Sunday, 26 May 2013

Mission Impossible




When You Mission ‘pon A Star

Mission Impossible
1996 USA
Directed by Brian De Palma
DVD Region 2

Warning: This review will self destruct in an 
explosion of spoilers in 5 paragraphs.

I’d never seen any of the modern Mission Impossible films up until very recently, but my father had been going on at me to watch them for years, as he’s a fan of the series. I perhaps sealed my own fate in regards to this particular franchise because I bought him the four films on DVD last year and since he watched them again, the pressure was on me again to follow suit. Well the other night he finally talked me into watching the first one with him... I had certain expectations as to what I was going to be watching but, I can honestly say, this was not the film I thought it would be.

Now I know I used to watch the old TV show with people like Peter Graves, Martin Landau and Leonard Nimoy appearing in it on the old black and white TV set when I was five or six years old... or at any rate, it used to be on in the background.
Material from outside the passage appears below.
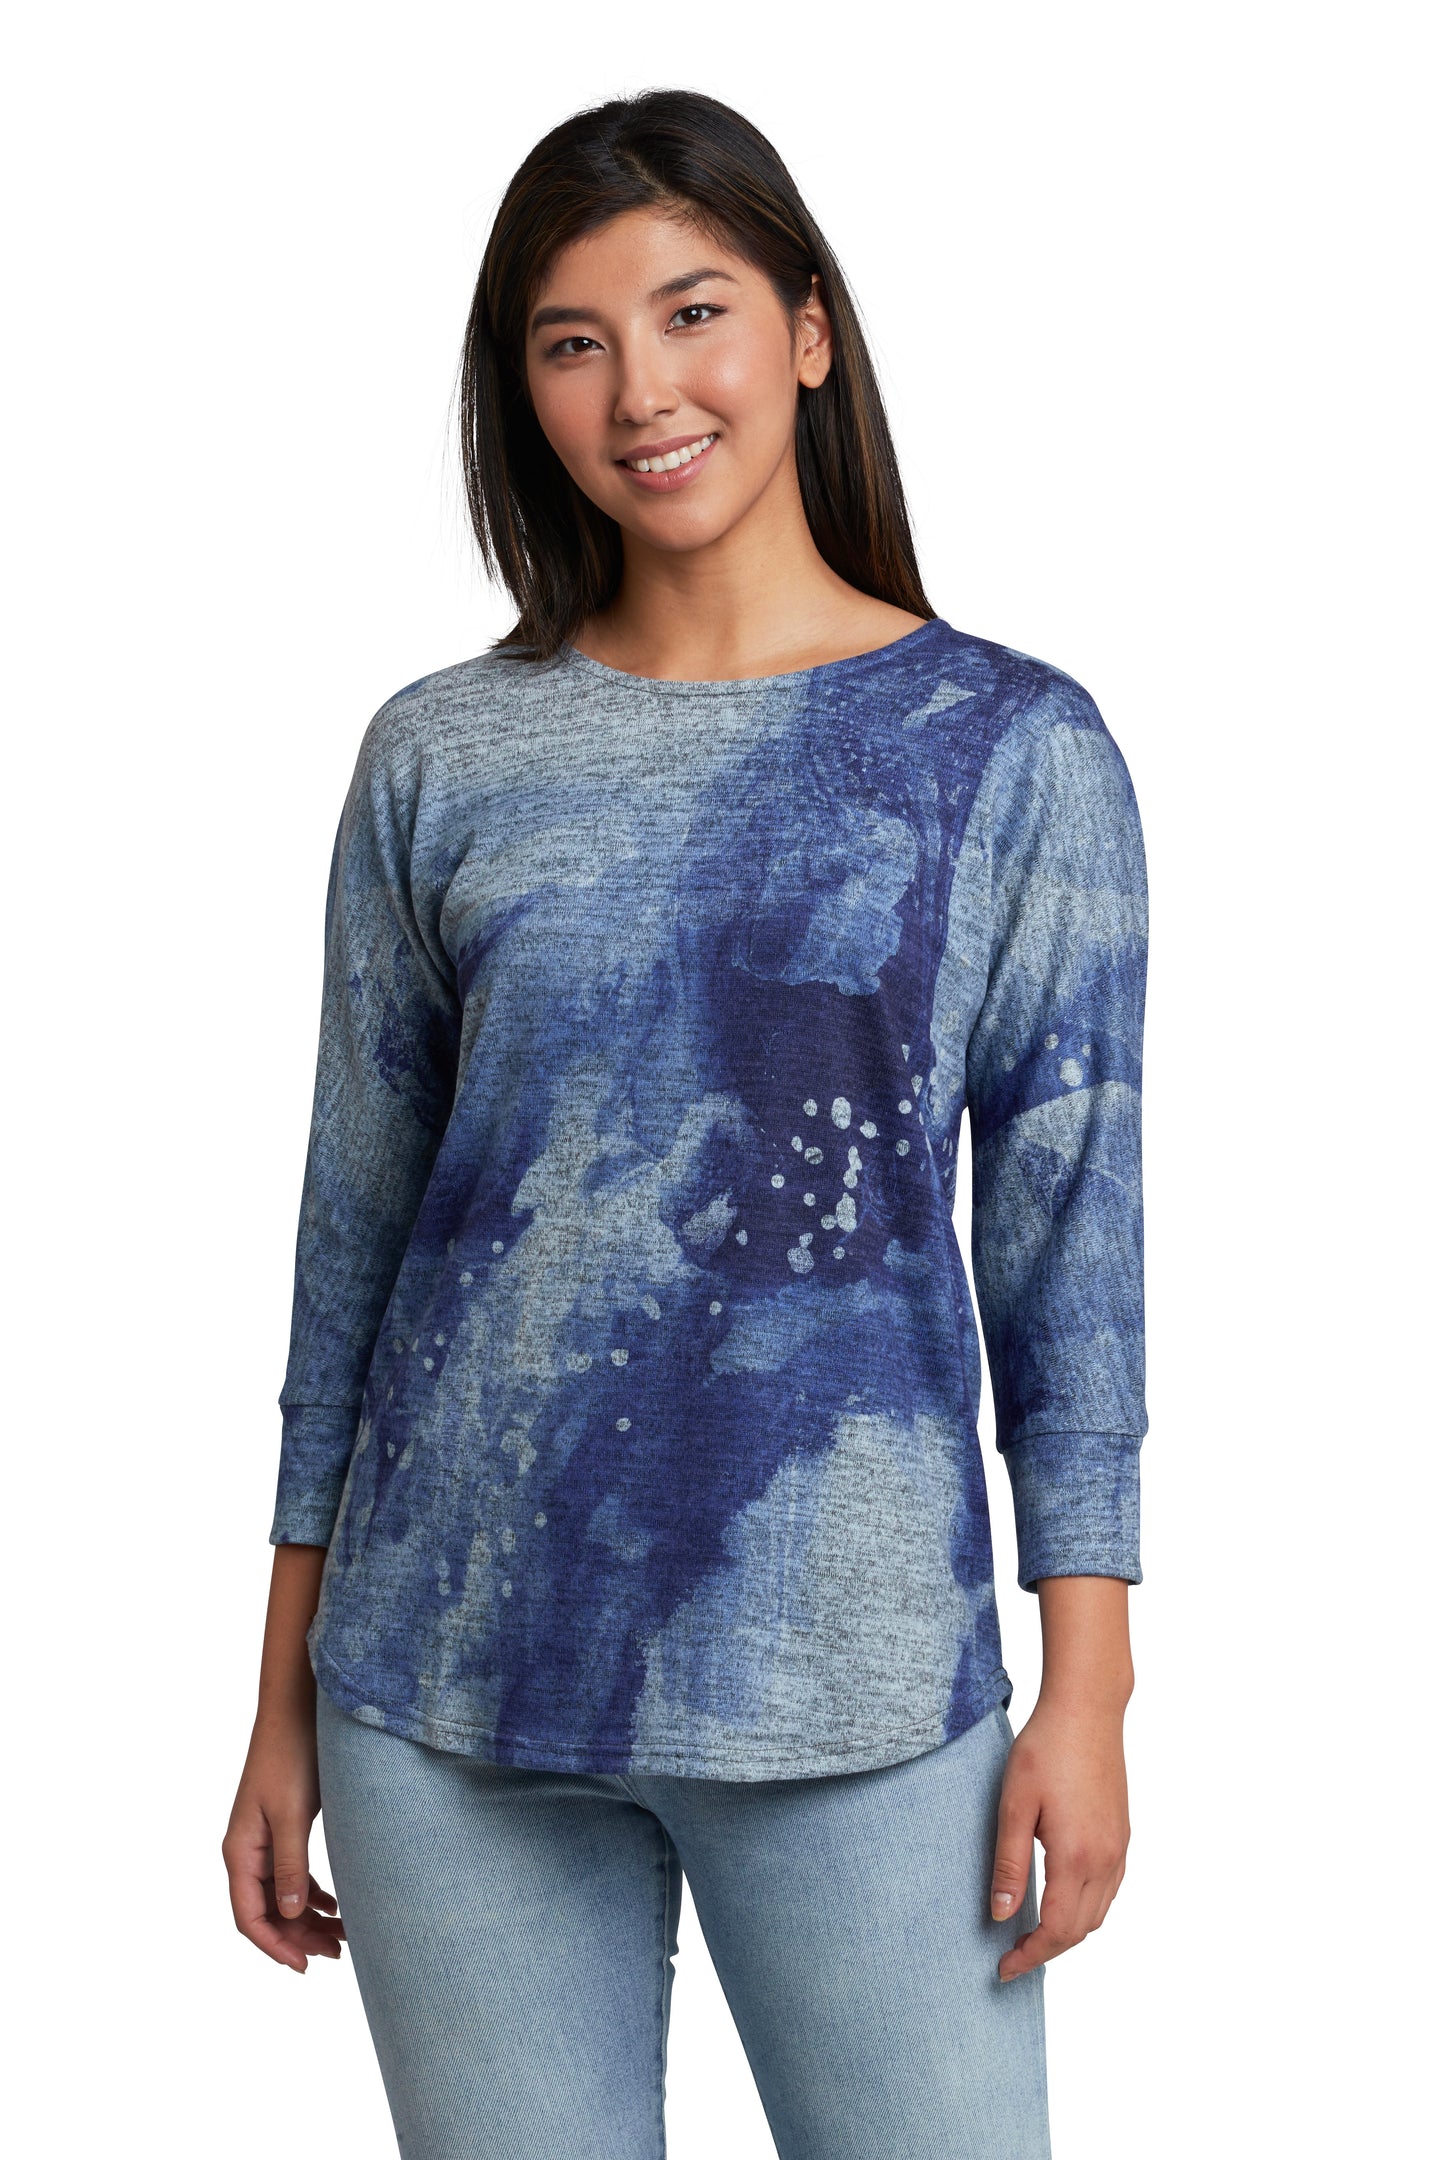 Blue Blue 3/4 dolman sleeve sweater knit top

The only things I can remember about it, to be honest, were Lalo Schifrin’s blisteringly famous theme tune and the “this tape will self destruct in x number of seconds” thing at the start of each episode. I wasn’t exactly expecting the movie version to be a good representation of what the TV show was about (although it certainly turned out to be something closer to the style than what I was expecting).

Now I really like Brian De Palma as a director but, I do find his post 70s work a bit hit and miss, to be honest with you. I love his early “Hitchcock” parodies and occasionally he does something in the style of his early work which reminds me of the DePalma I used to love at the time. Some of my favourites being Sisters, Dressed To Kill, Body Double, Raising Kane and Femme Fatale (am seriously looking forward to his new film Passion if it ever gets any kind of release over here in the UK). Even so, though, I wasn’t expecting this movie to be in any way reflective of his earlier work but, in certain sequences in the movie, I was dead wrong about that. I was expecting, from all I’d seen and heard about the film which, admittedly, wasn’t much... a big, modern action movie with long drawn out chase sequences, explosions and more bullets than brains. When, in actual fact, it’s not a bad attempt at being a slow burn thriller with the occasional action sequence used to merely punctuate certain areas of the story.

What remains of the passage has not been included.